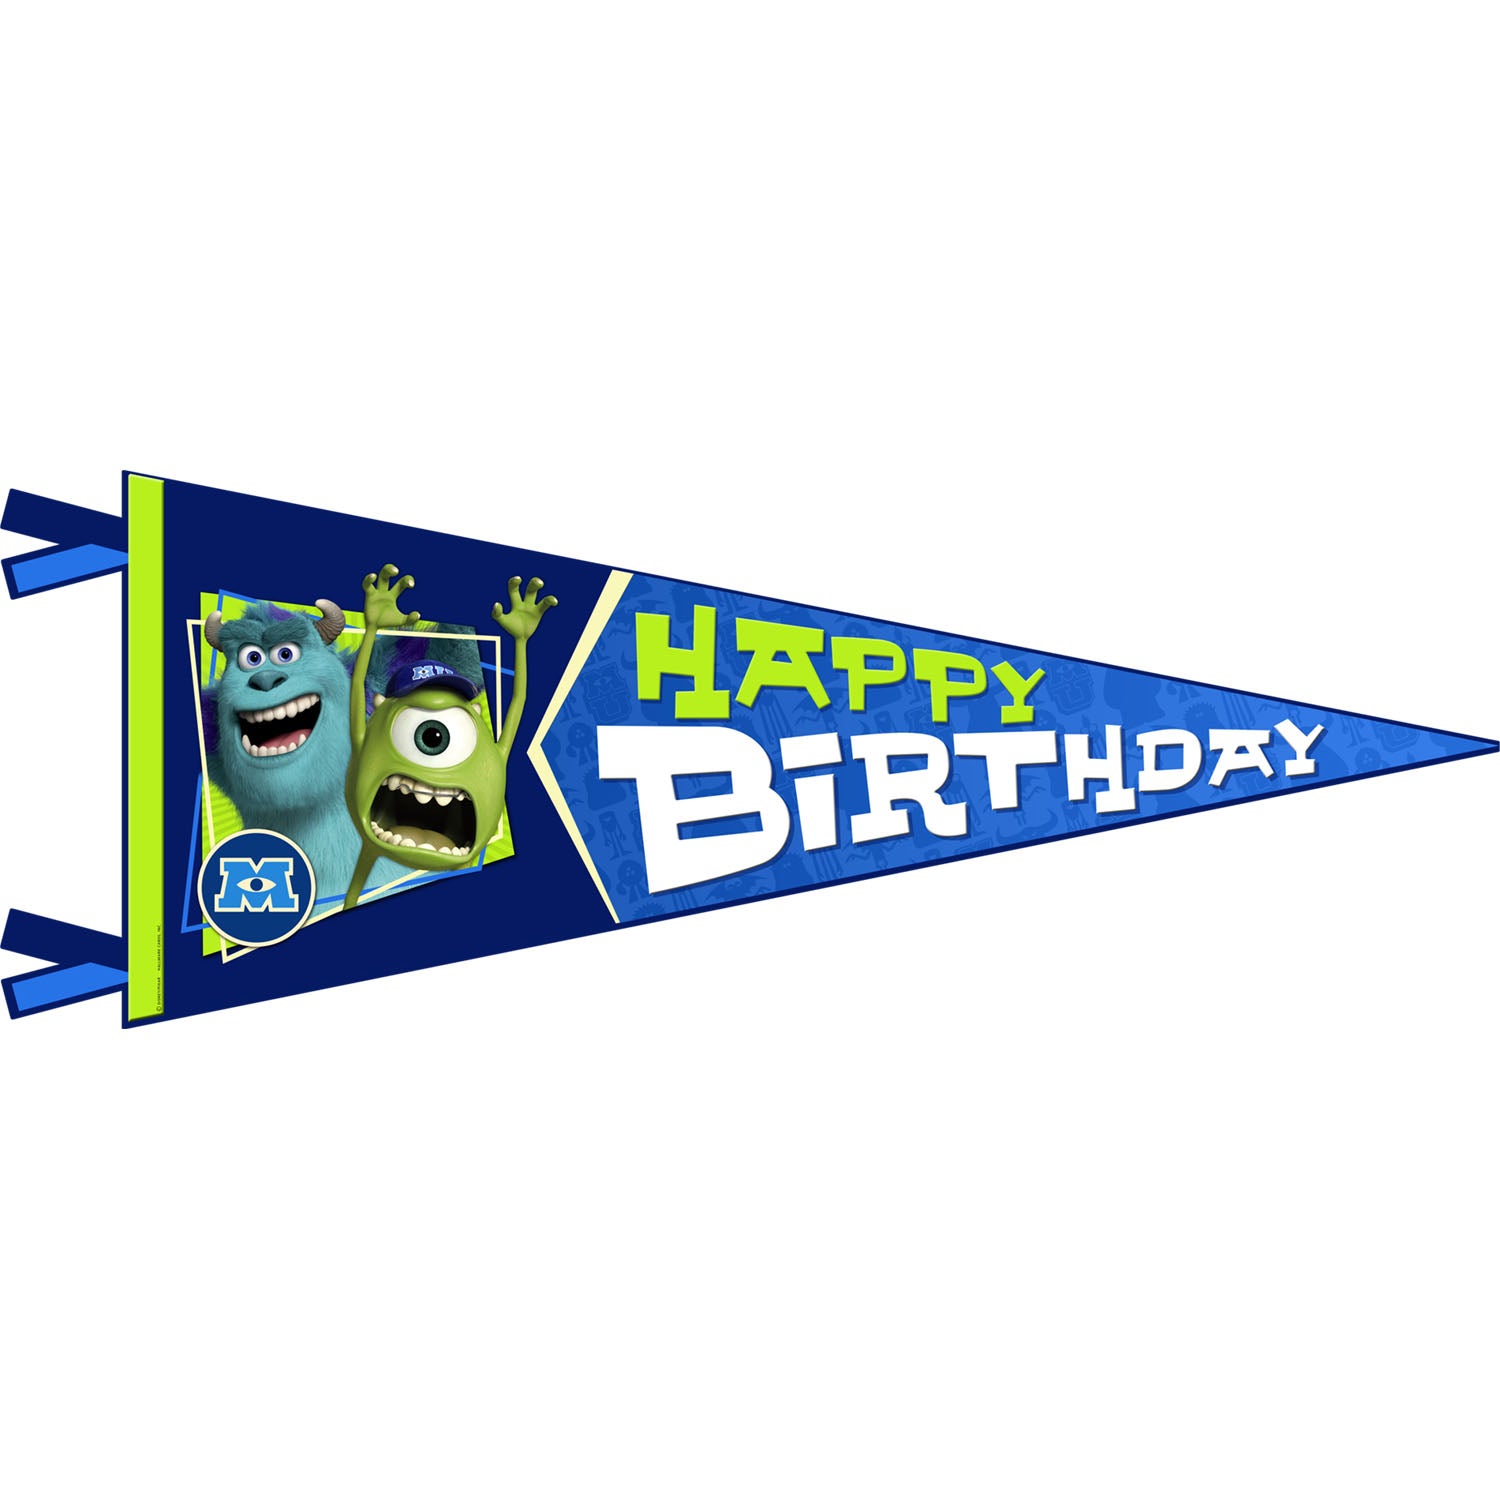 Monsters University Party Supplies - Monsters University Birthday Banner
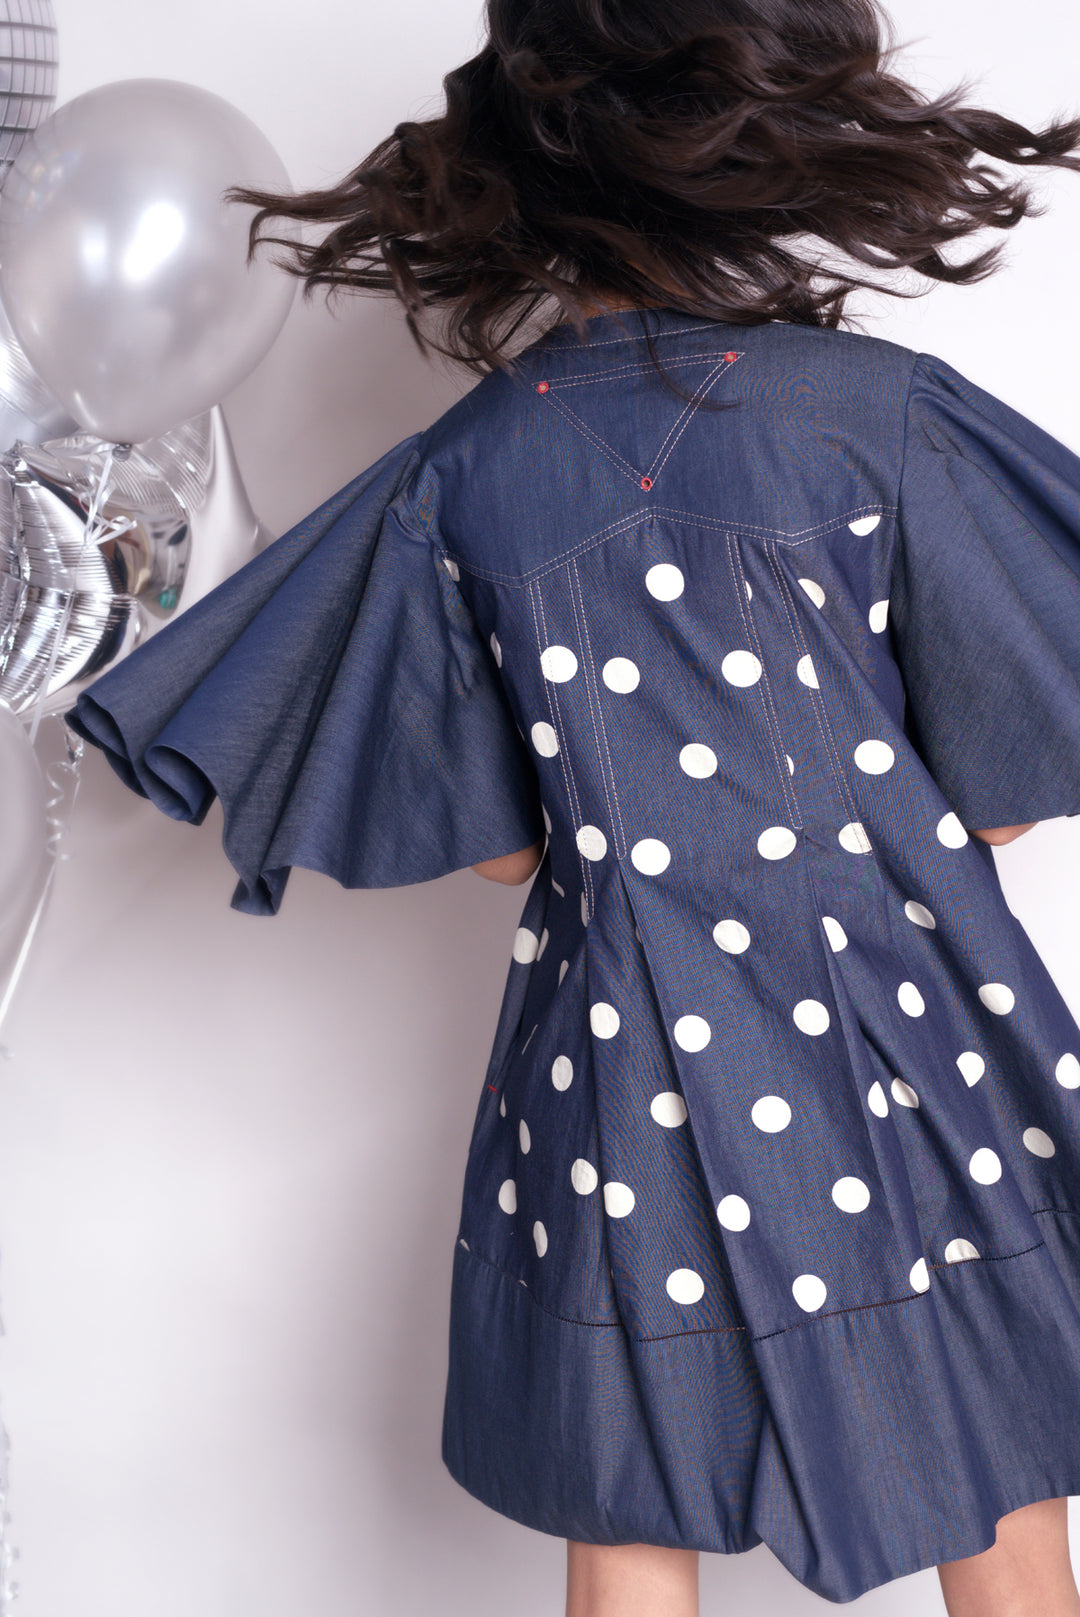 Short anti-fit dress with exaggerated flared sleeves in polka dots denim
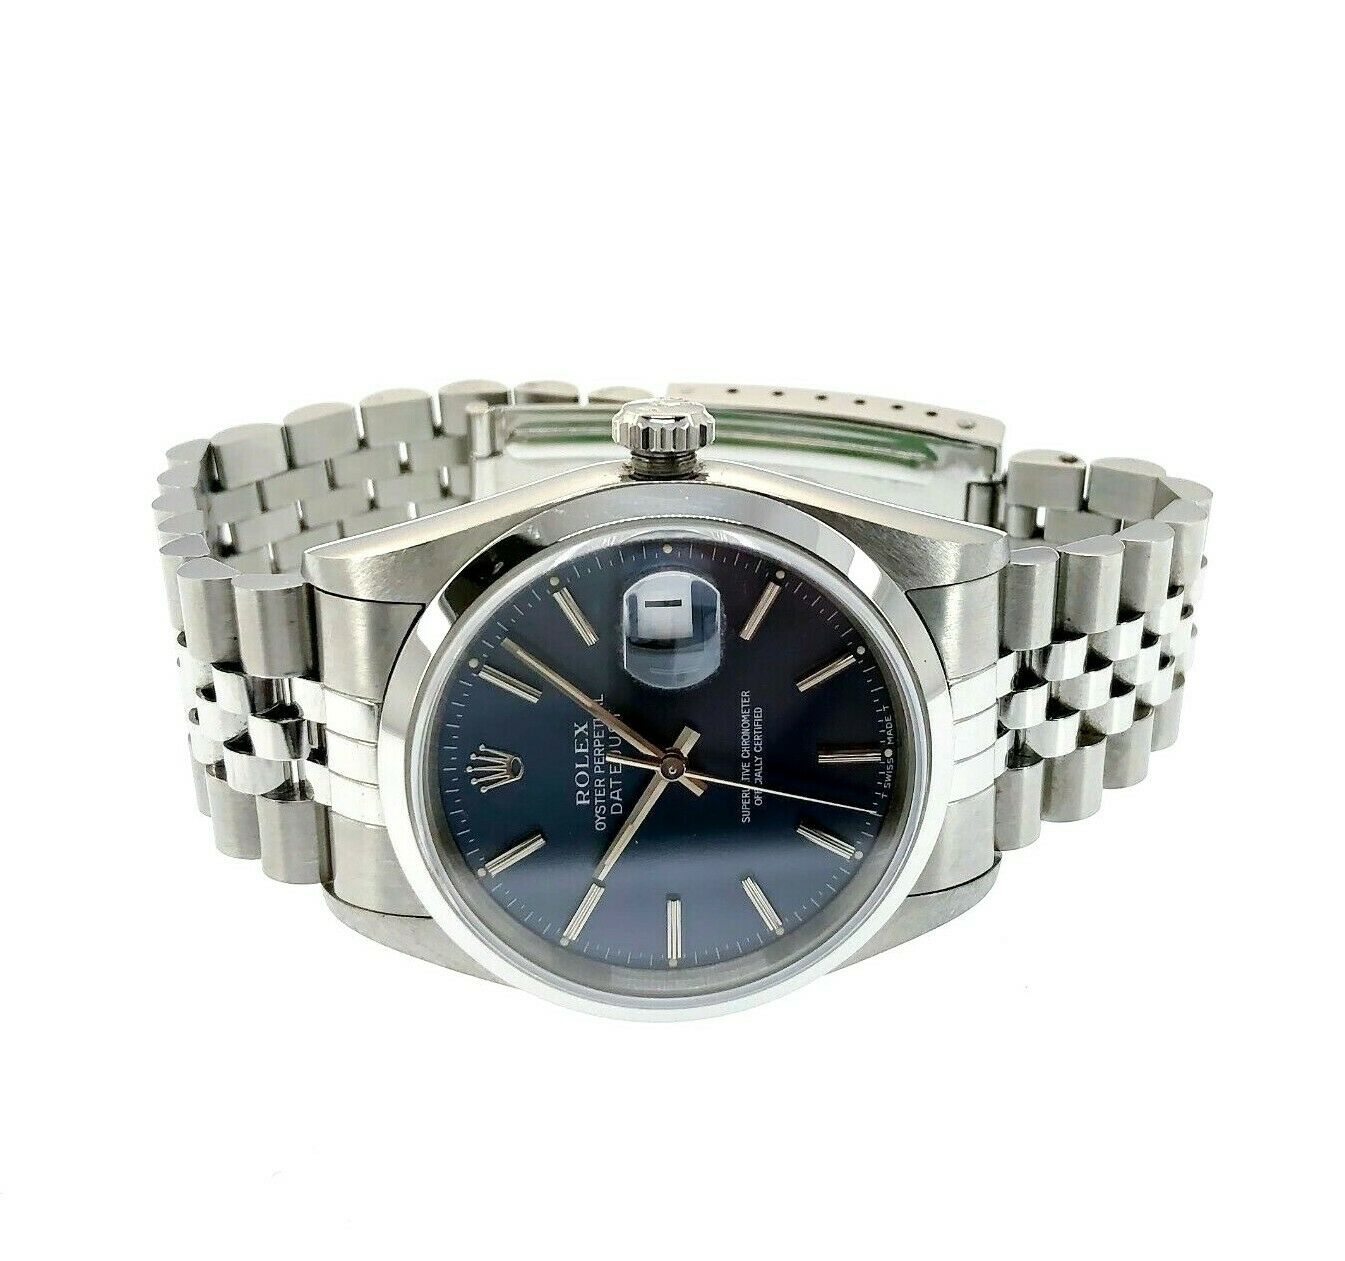 Rolex 36MM Datejust Watch Stainless Steel Ref #16200 Jubilee Band Box Papers

### ACTION ITEM
Print each line of the material above exactly, with the pictures removed from your copy.

### EXERCISE RESPONSE
 Monsters University Party Supplies - Monsters University Birthday Banner
 Short anti-fit dress with exaggerated flared sleeves in polka dots denim
 Rolex 36MM Datejust Watch Stainless Steel Ref #16200 Jubilee Band Box Papers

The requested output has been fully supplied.